Some may love the Lynchian darkness at the heart of Killer Inside Me, but again, that’s something that’s been done to death. The movie doesn’t just feel like punishment, but cliched punishment, and feels as nasty as the character it follows.”
Winter’s Bone. USA (2009) d:Debra Granik
s:Jennifer Lawrence, John Hawkes, Dale Dickey, Garret Dillahunt, Sheryl Lee, Tate Taylor
US Dramatic Competition, World Premiere
Debra Granik (Down to the Bone) spins an Ozark tale of a teen girl (Jennifer Lawrence) searching for her meth addict of a father before her home is taken away.
John DeFore: THR:
Six years after winning an award here for “Down to the Bone,” director Debra Granik returns to Sundance with her follow-up, “Winter’s Bone,” a grim story of persistence set deep in the Ozarks. Slow to get going and uningratiating…its grit and the tenacity of its young heroine will resonate with some viewers.
Daniel Fienberg, HitFix:
Even if I spent the day trudging around in wet, slushy shoes and even if I didn’t have a single real meal, experiences like catching “Winter’s Bone” on Saturday (Jan. 23) evening are the reason you go to festivals like Sundance.
“Winter’s Bone” is the best film I’ve seen this Festival and also one of the best films I’ve seen in the past year, a drama I appreciated more as I became increasingly immersed in its unique world.

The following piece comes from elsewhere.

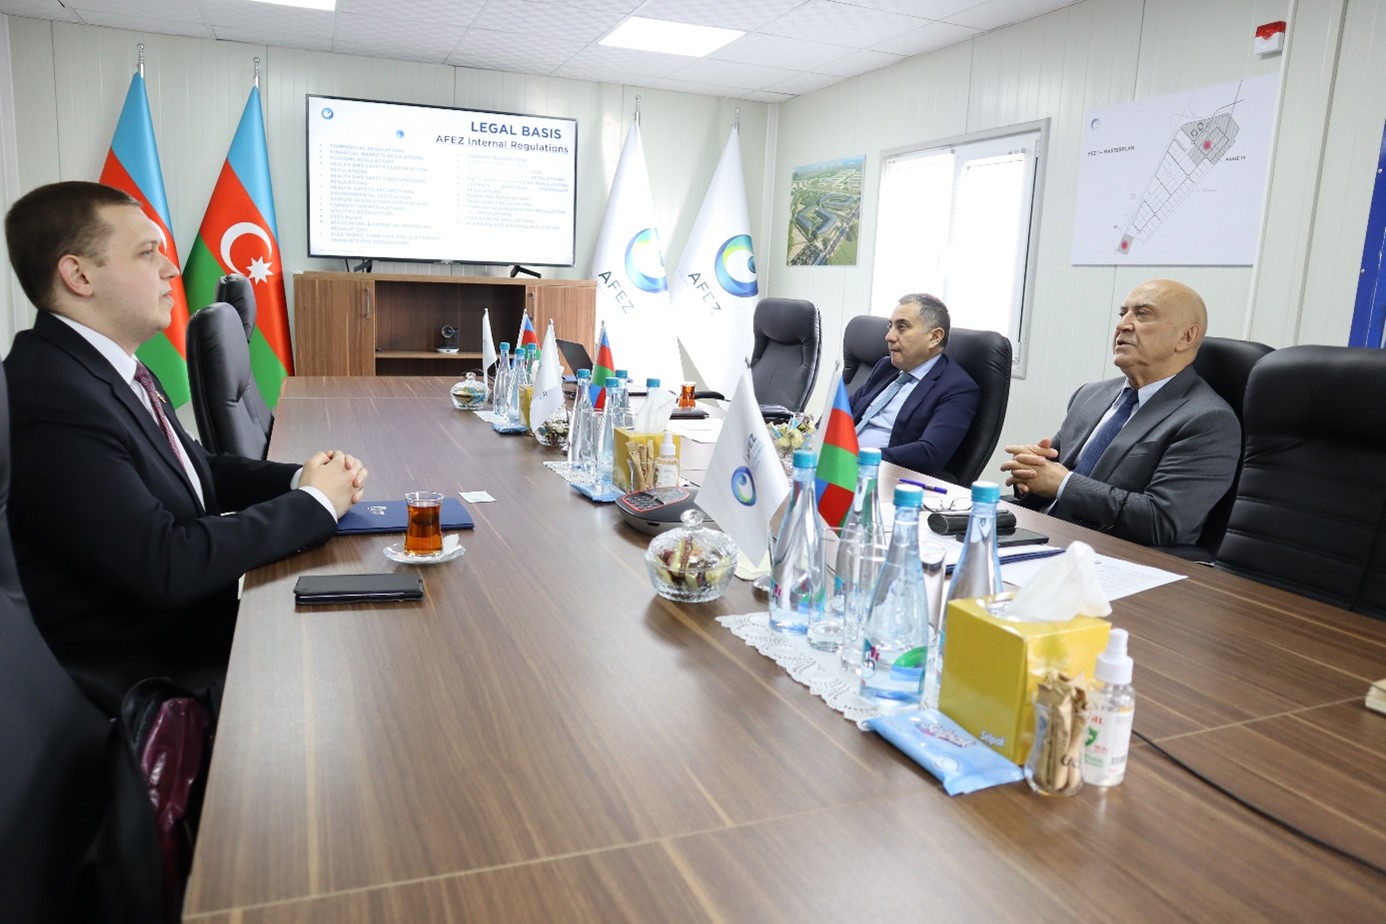 Urs Unkauf im Gespräch mit dem Vorstandsvorsitzenden der AFEZA, S.E. Valeh Alasgarov und dem stellvertretenden Vorstandsvorsitzenden, Dr. Ismayil Manafov.

Appearing in every scene, Lawrence gives a breakout performance which is…as revelatory as Carey Mulligan’s Sundance arrival last year…Lawrence looks like a young Jennifer Jason Leigh and this performance reminded me of some of those early, totally committed Leigh performances.

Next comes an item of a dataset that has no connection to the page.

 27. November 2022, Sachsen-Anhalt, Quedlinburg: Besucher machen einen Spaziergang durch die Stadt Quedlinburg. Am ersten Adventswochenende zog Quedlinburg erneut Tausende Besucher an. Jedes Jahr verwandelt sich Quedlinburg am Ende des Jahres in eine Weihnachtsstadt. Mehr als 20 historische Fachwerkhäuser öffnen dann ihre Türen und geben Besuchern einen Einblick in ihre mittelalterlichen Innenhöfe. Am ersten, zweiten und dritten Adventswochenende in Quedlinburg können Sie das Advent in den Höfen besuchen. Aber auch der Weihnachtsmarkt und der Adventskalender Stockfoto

Steven Zeitchik, LA Times 24 Frames:
There are plenty of movies at this year’s Sundance film festival that take audiences into new and unexpected places — the gangster underworld of Melbourne, Australia, in “Animal Kingdom,” drug-running Hasssidic Jews in “Holy Rollers” — but no Park City offering transports viewers to as distinctive and haunting a place as director Debra Granik’s “Winter’s Bone,” which some Sundance patrons have called the best movie in the festival so far.
The naturalistic thriller is saturated with small, telling details that coll
Filed under: Film Festivals
Tags: Casey Affleck, Dale Dickey, Debra Granik, Garret Dillahunt, Jennifer Lawrence, Jessica Alba, John Hawkes, Kate Hudson, Michael Winterbottom, Sheryl Lee, Sundance, Tate Taylor, The Killer Inside Me, Winter's Bone

Winter Bone’s is certainly being celebrated. I wonder whether it’ll be the coming year’s Frozen River. The lead being compared to a young Jennifer Jason Leigh is high praise. And it features Garret Dillahunt! Possibly my current favorite character actor – love his off-kilter quality.
Disappointed by the response to The Killer Inside Me. The trailer put together for distributors was pure catnip for me.
I hate to say it, but Casey Affleck has developed a real tendency to appear in films destined to split critics and audiences alike. I don’t think it’s him specifically, but he’s got quite a track record. Hopefully this film still gets a chance to be seen.
He seems to lean toward challenging material where he plays a weasel, which is why I like him and had high hopes for Killer.
We’ll, see. I’m not prepared to write it off after a couple of negative reviews and some controversy.